Sir John Call, MP for Callington in 1784 and a partner in the Pybus and Son banking house, had argued the advantages of Norfolk Island in that it is uninhabited and that flax grows there.
The British government includes Norfolk Island as an auxiliary settlement, as proposed by Call, in its plan for colonization of New South Wales in 1786.
The decision to settle Norfolk Island is taken due to the decision by Empress Catherine of Russia to restrict sales of hemp.
Practically all the hemp and flax required by the Royal Navy for cordage and sailcloth is imported from Russia.
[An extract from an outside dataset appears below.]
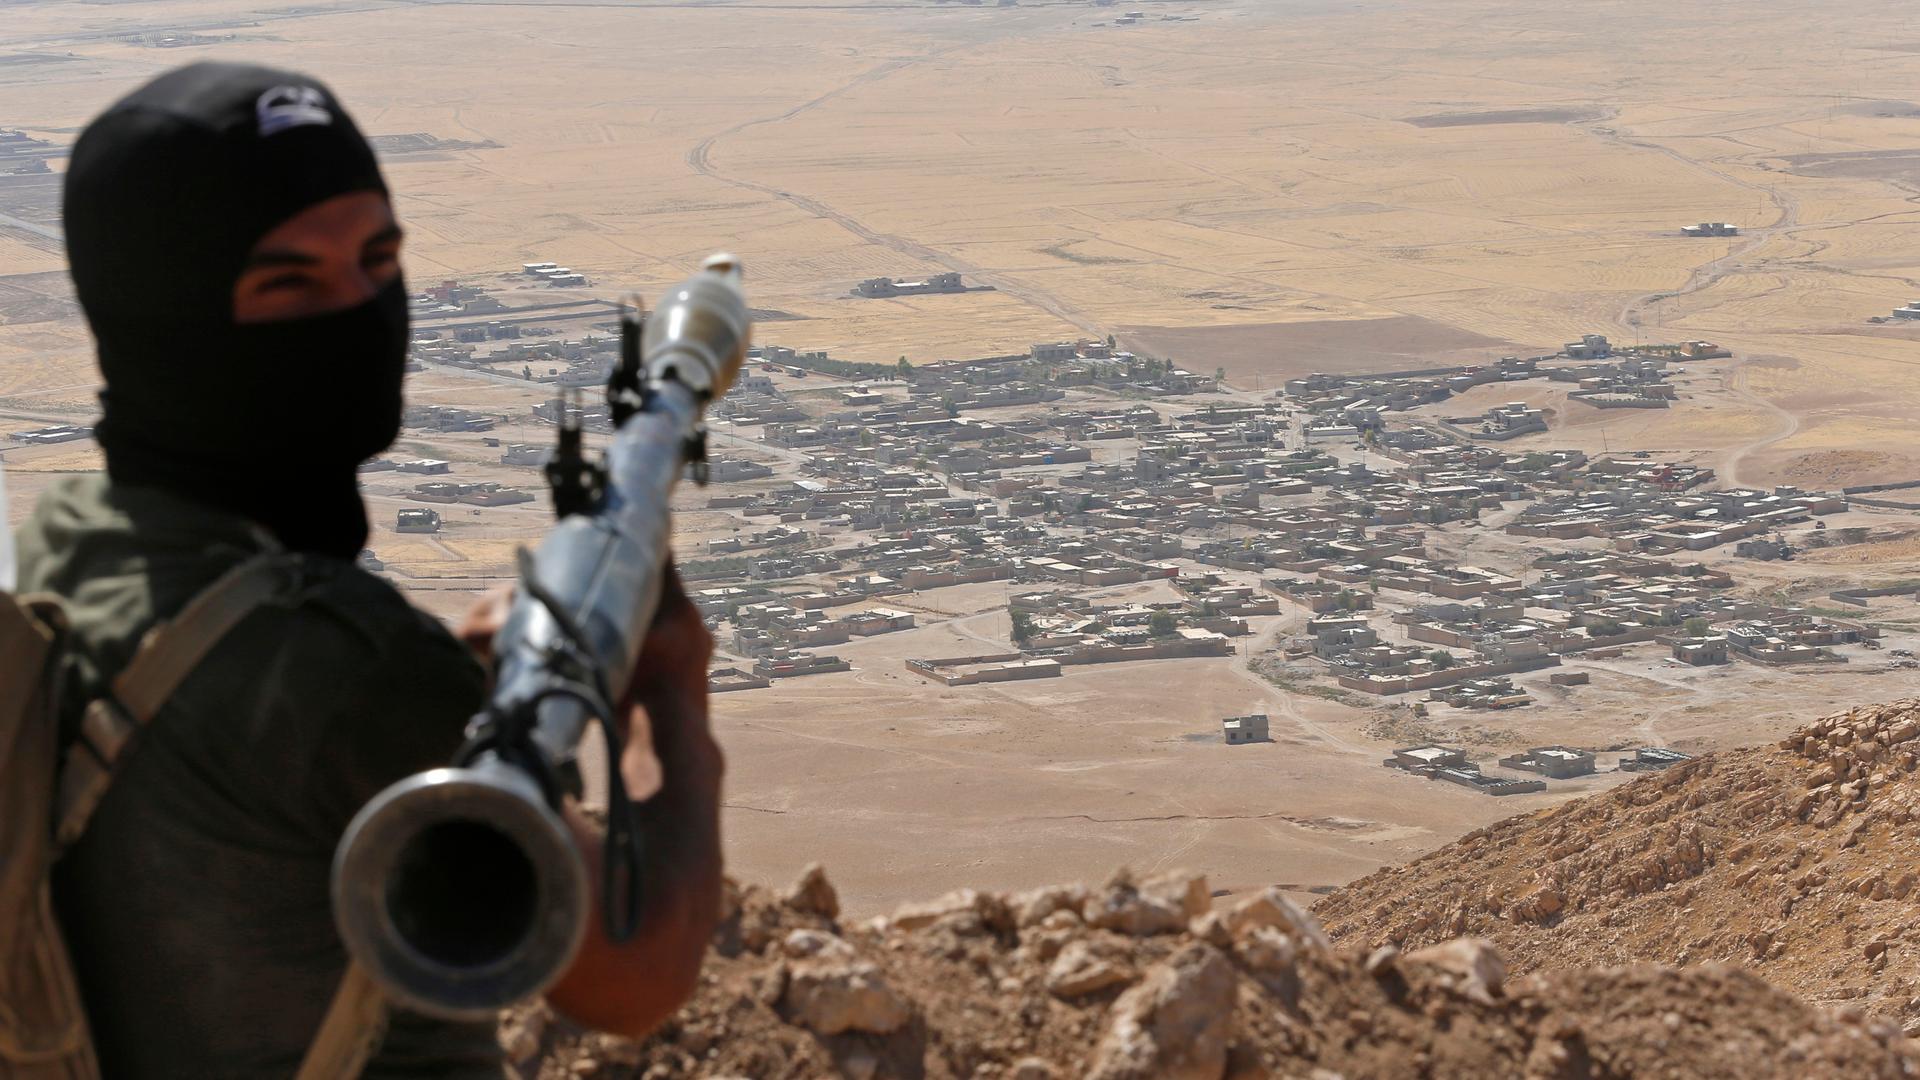 A Kurdish Peshmerga fighter looks down on Islamic State controlled territory near Mosul in 2014. Peshmerga forces this week repelled a new Islamic State offensive in the same area.
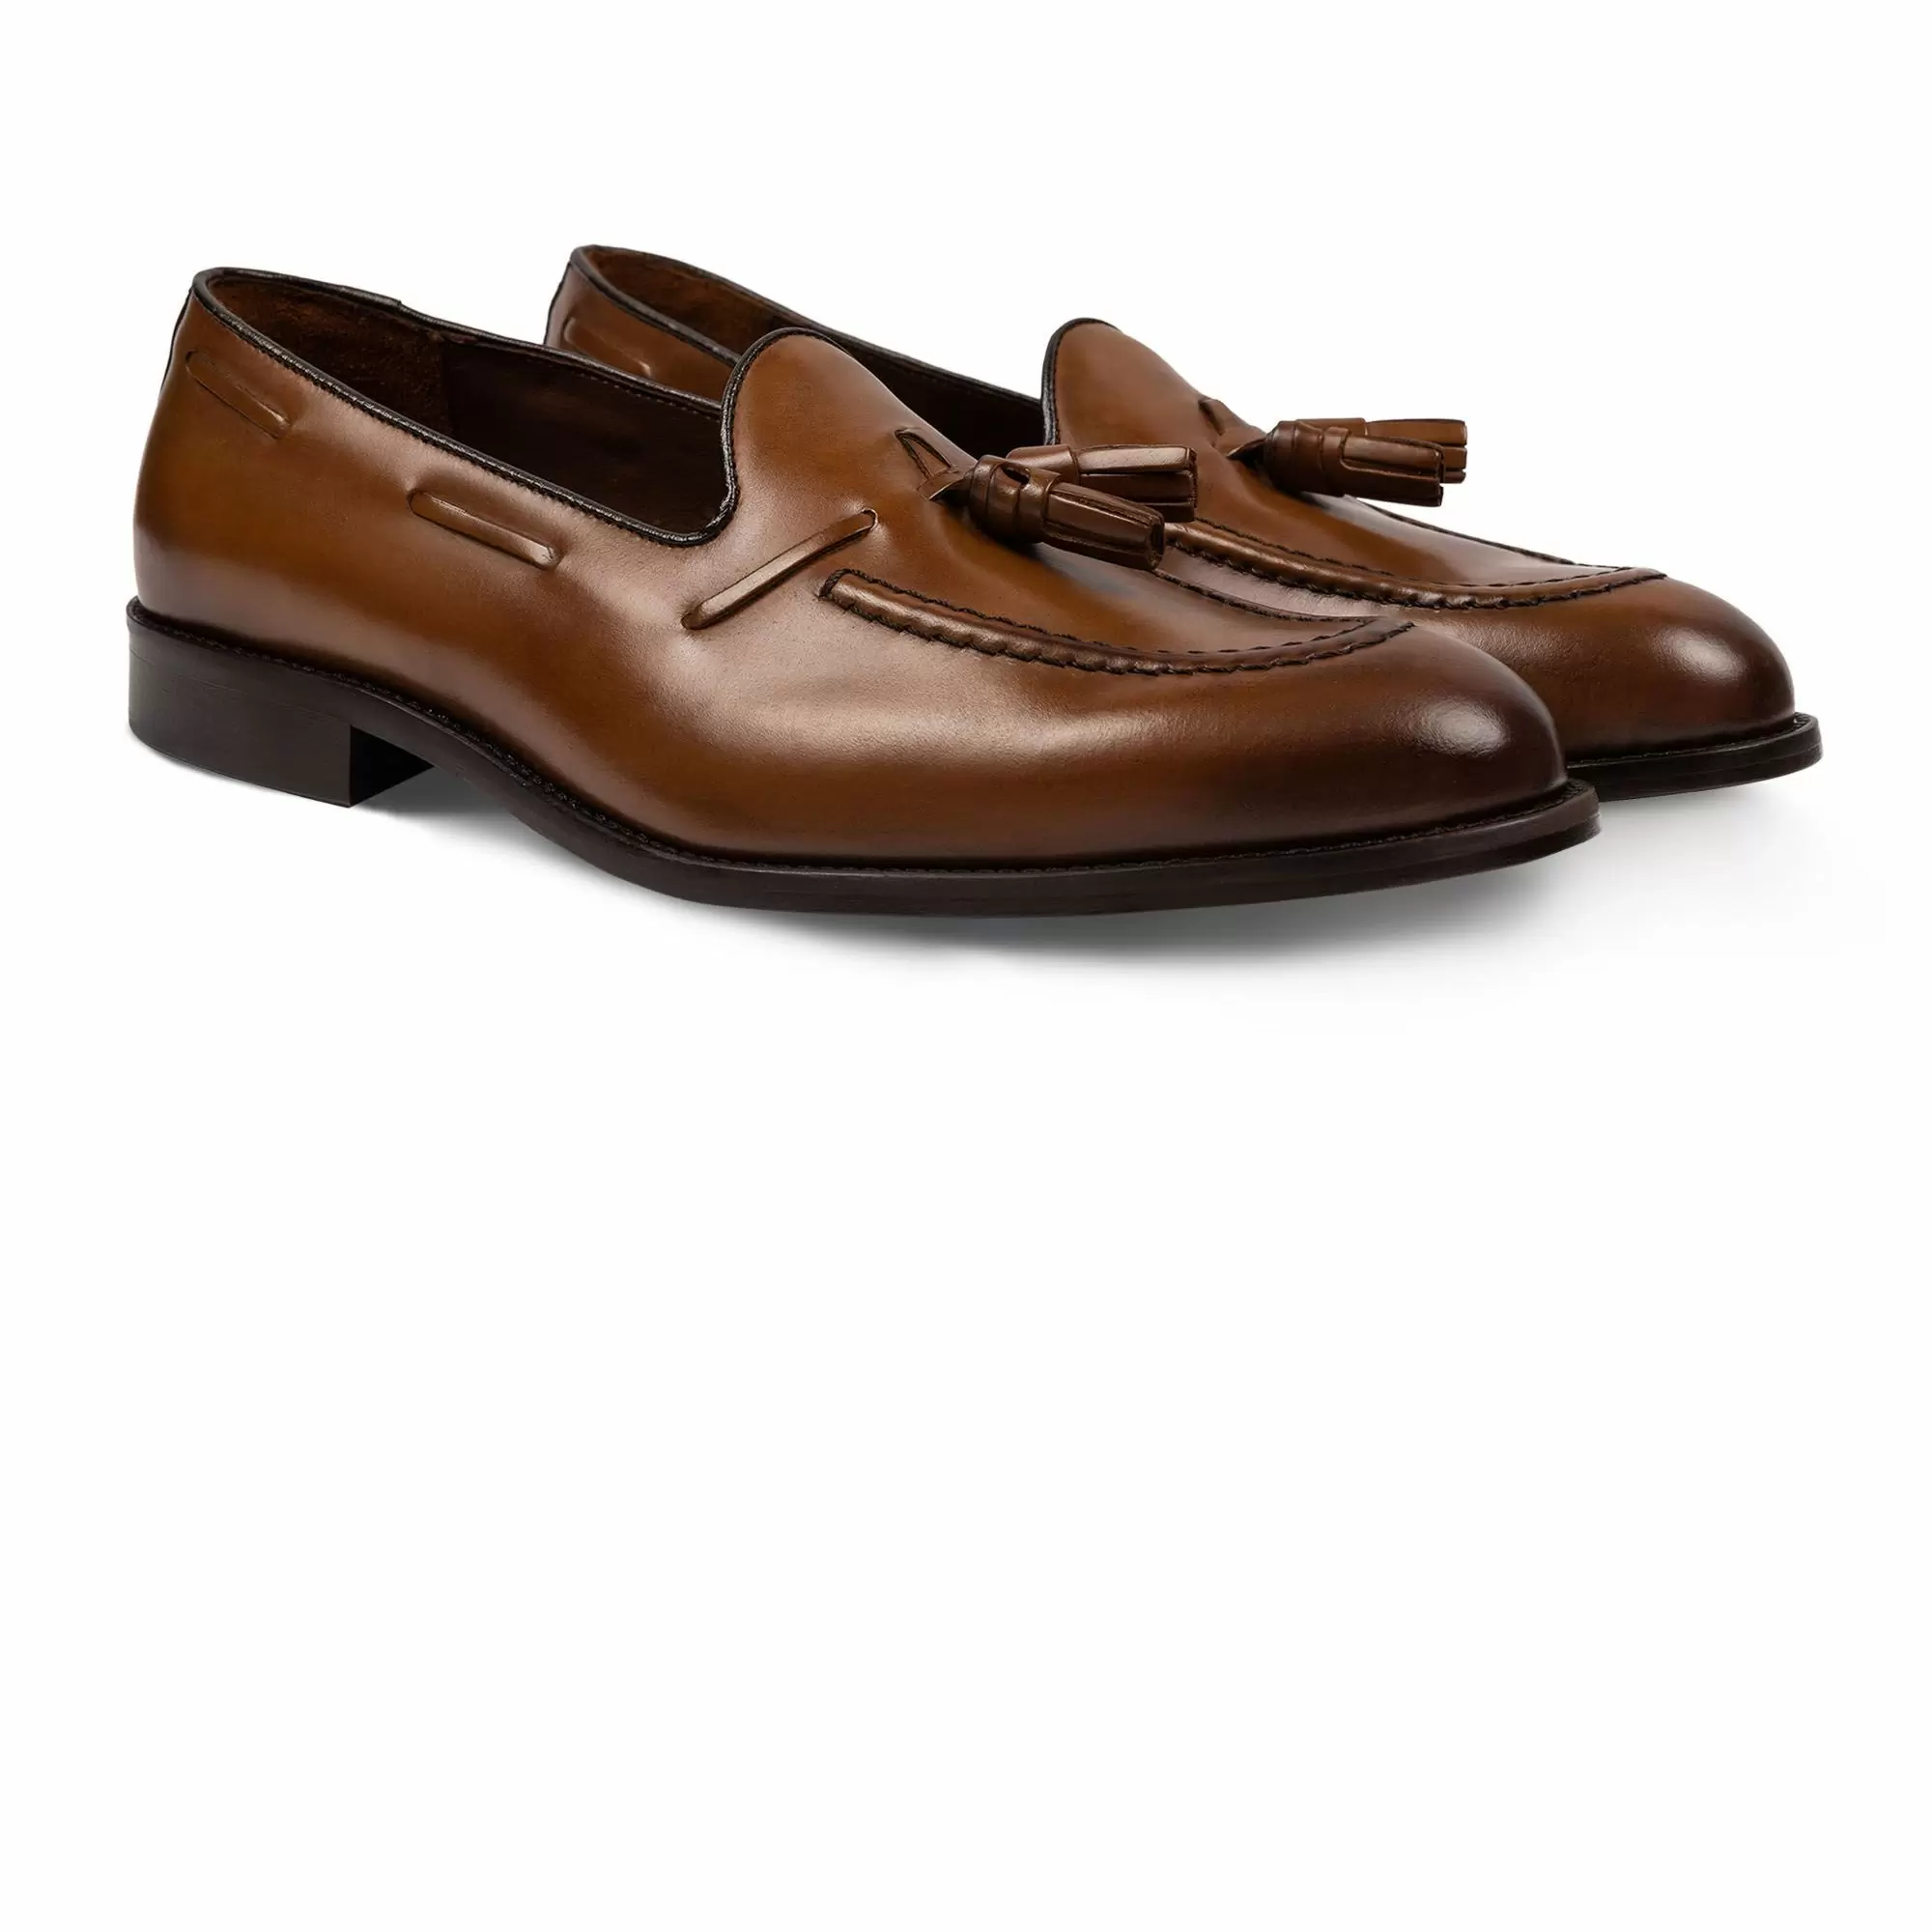 Aνδρικά Δερμάτινα Loafers Με Φουντάκια Ταμπά Tailor Italian Wear

Philip Gidley King was born at Launceston, Cornwall, England on April 23, 1758.
Joining the Royal Navy at the age of twelve as captain's servant, he had been commissioned as a lieutenant in 1778.
King had served under Arthur Phillip, who had chose him as second lieutenant on HMS Sirius for the expedition to establish a convict settlement in New South Wales.
On arrival, in January 1788, King had been selected to lead a small party of fifteen convicts and seven free men to set up a settlement at Norfolk Island, nearly a thousand miles (sixteen hundred kilometers) distant, and prepare for its commercial development as a second station for transported convicts.
King and his party land on March 6, 1788, with difficulty, owing to the lack of a suitable harbor, and set about building huts, clearing the land, planting crops, and resisting the ravages of grubs, salt air and hurricanes.
More convicts and soldiers are sent to the island from New South Wales during the first year of the settlement, which is also called "Sydney" like its parent.